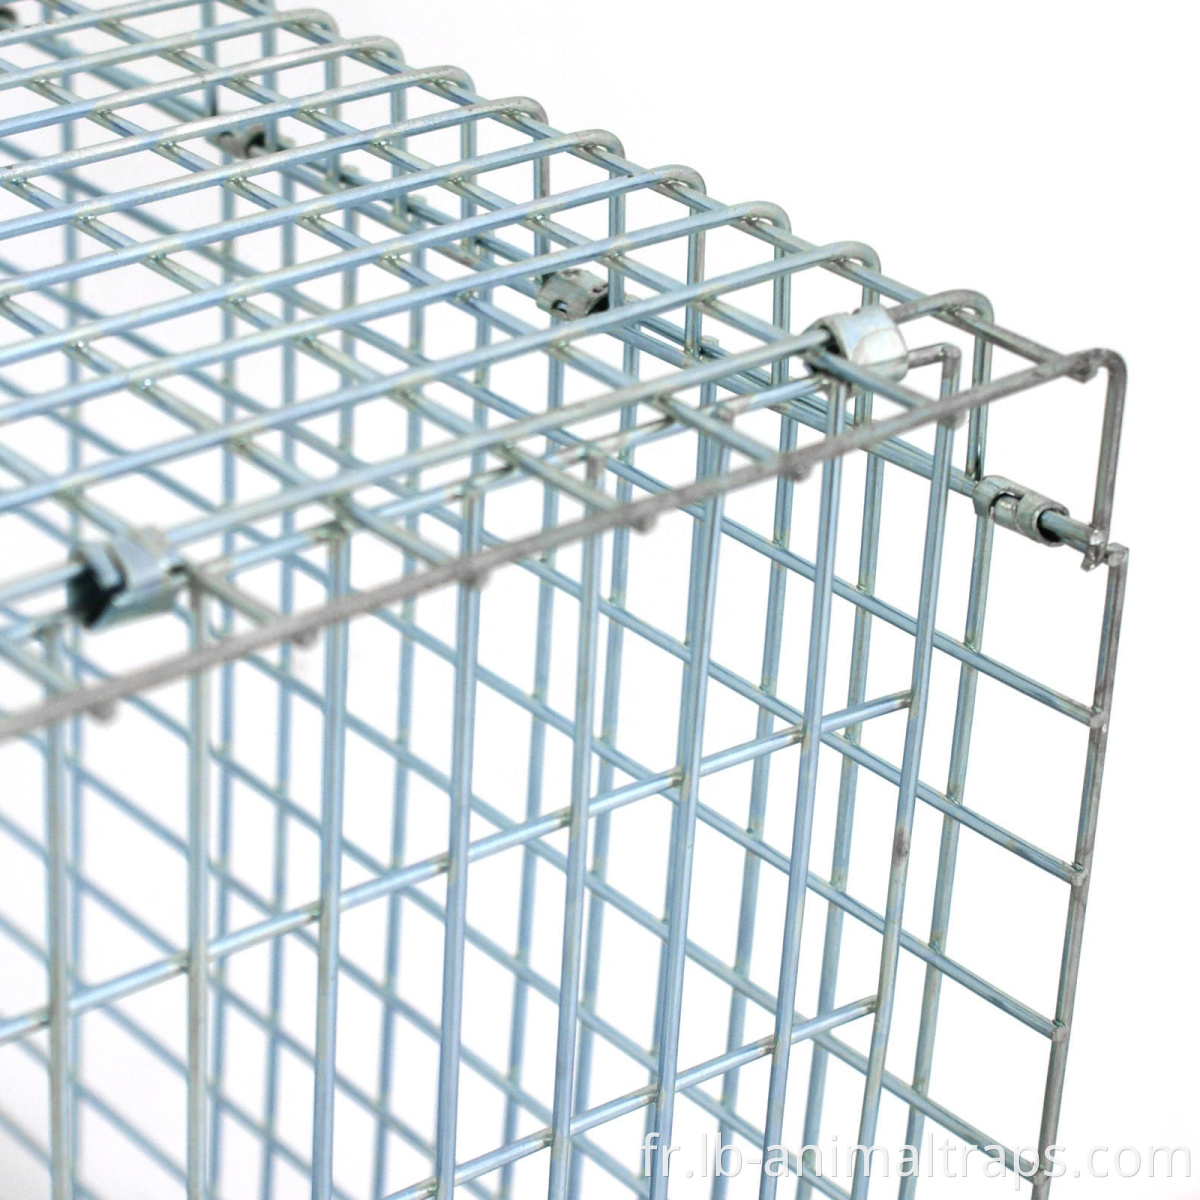 Vente chaude Liebang Marten Trap Cages à vendre Supply usine
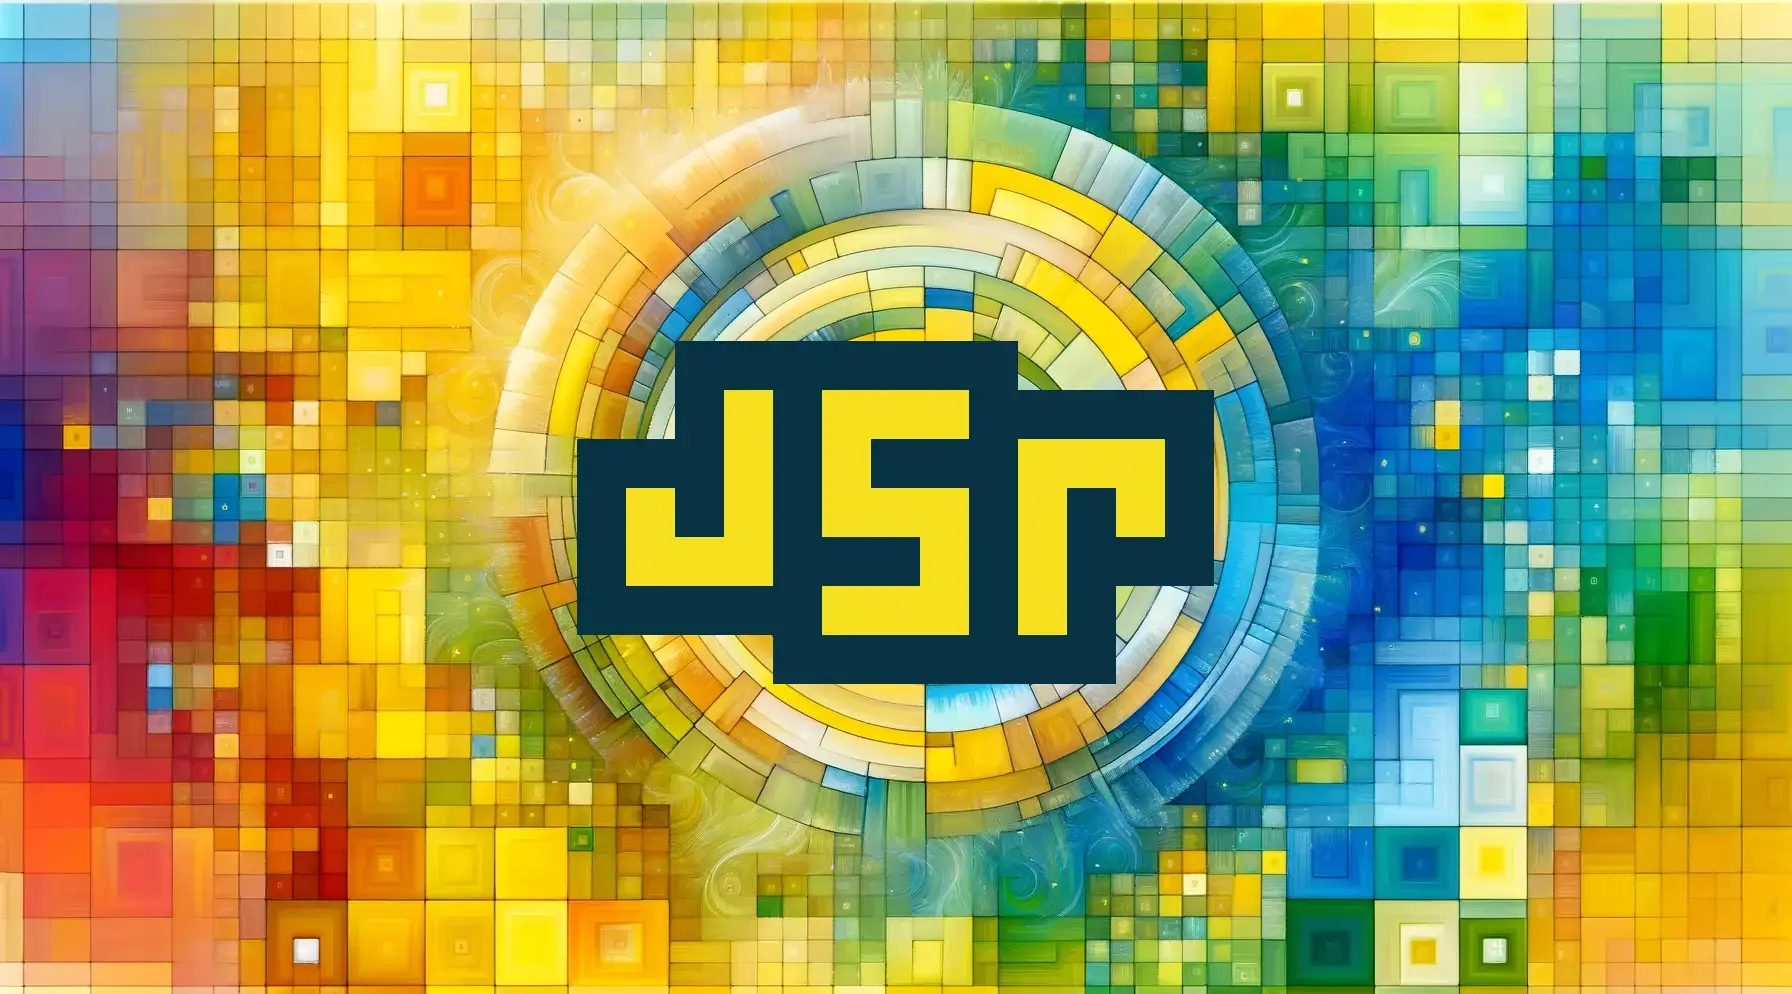 介绍 JSR - JavaScript 注册中心
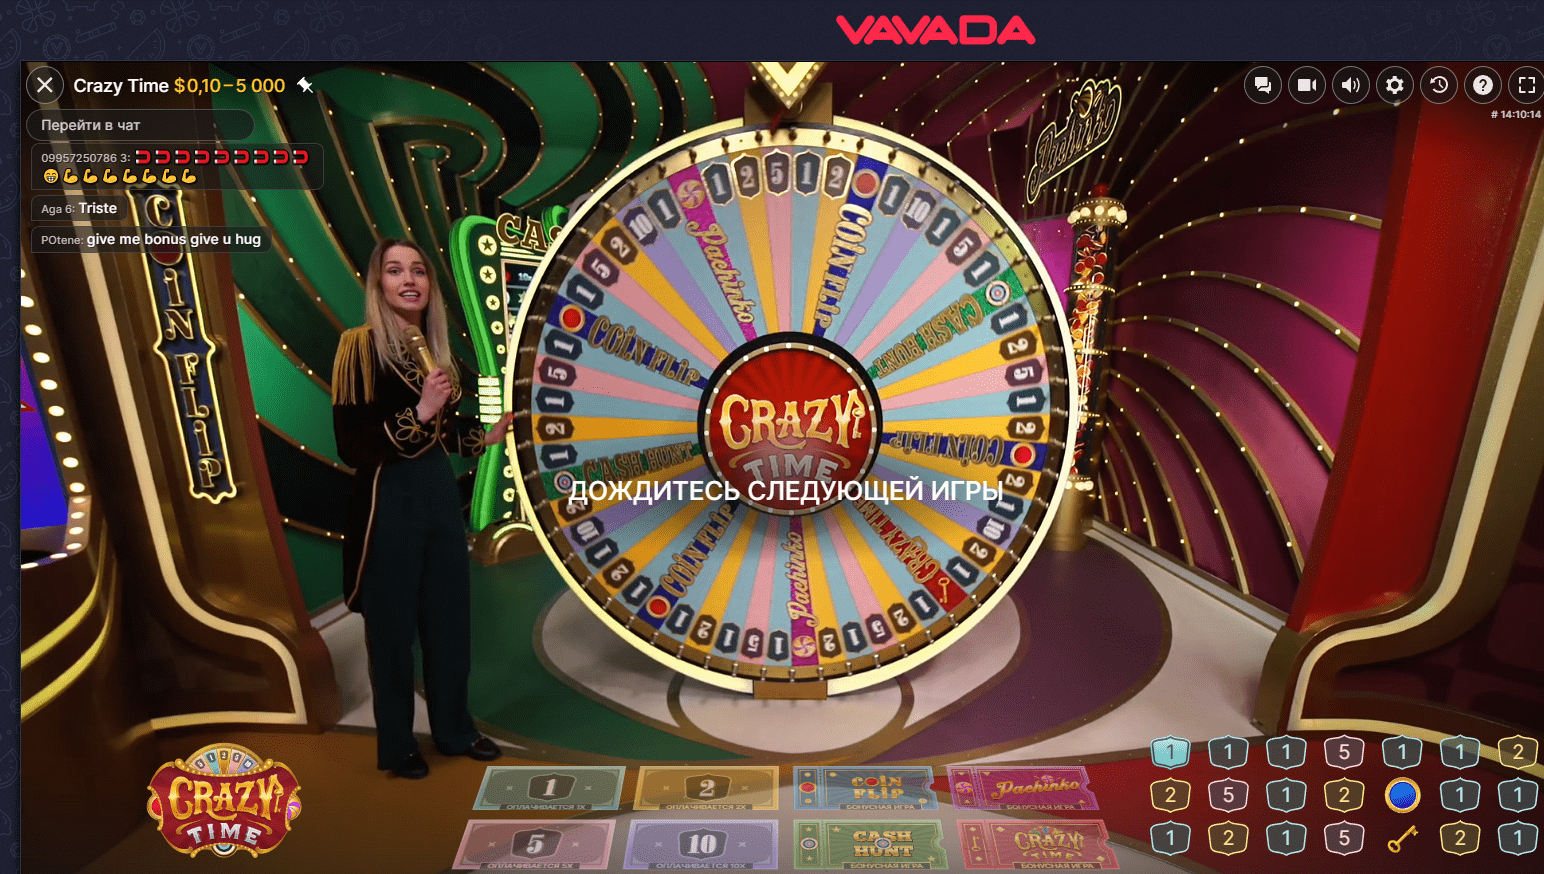 juego Crazy time en Vavada casino

◆ ◆ ◆ ◆ ◆ ◆ ◆

TASK PROMPT
The reply must hold every line above exactly as written and none of the pictures.

ANSWER FOR THIS EXERCISE
 Vente chaude Liebang Marten Trap Cages à vendre Supply usine
 介绍 JSR - JavaScript 注册中心
 juego Crazy time en Vavada casino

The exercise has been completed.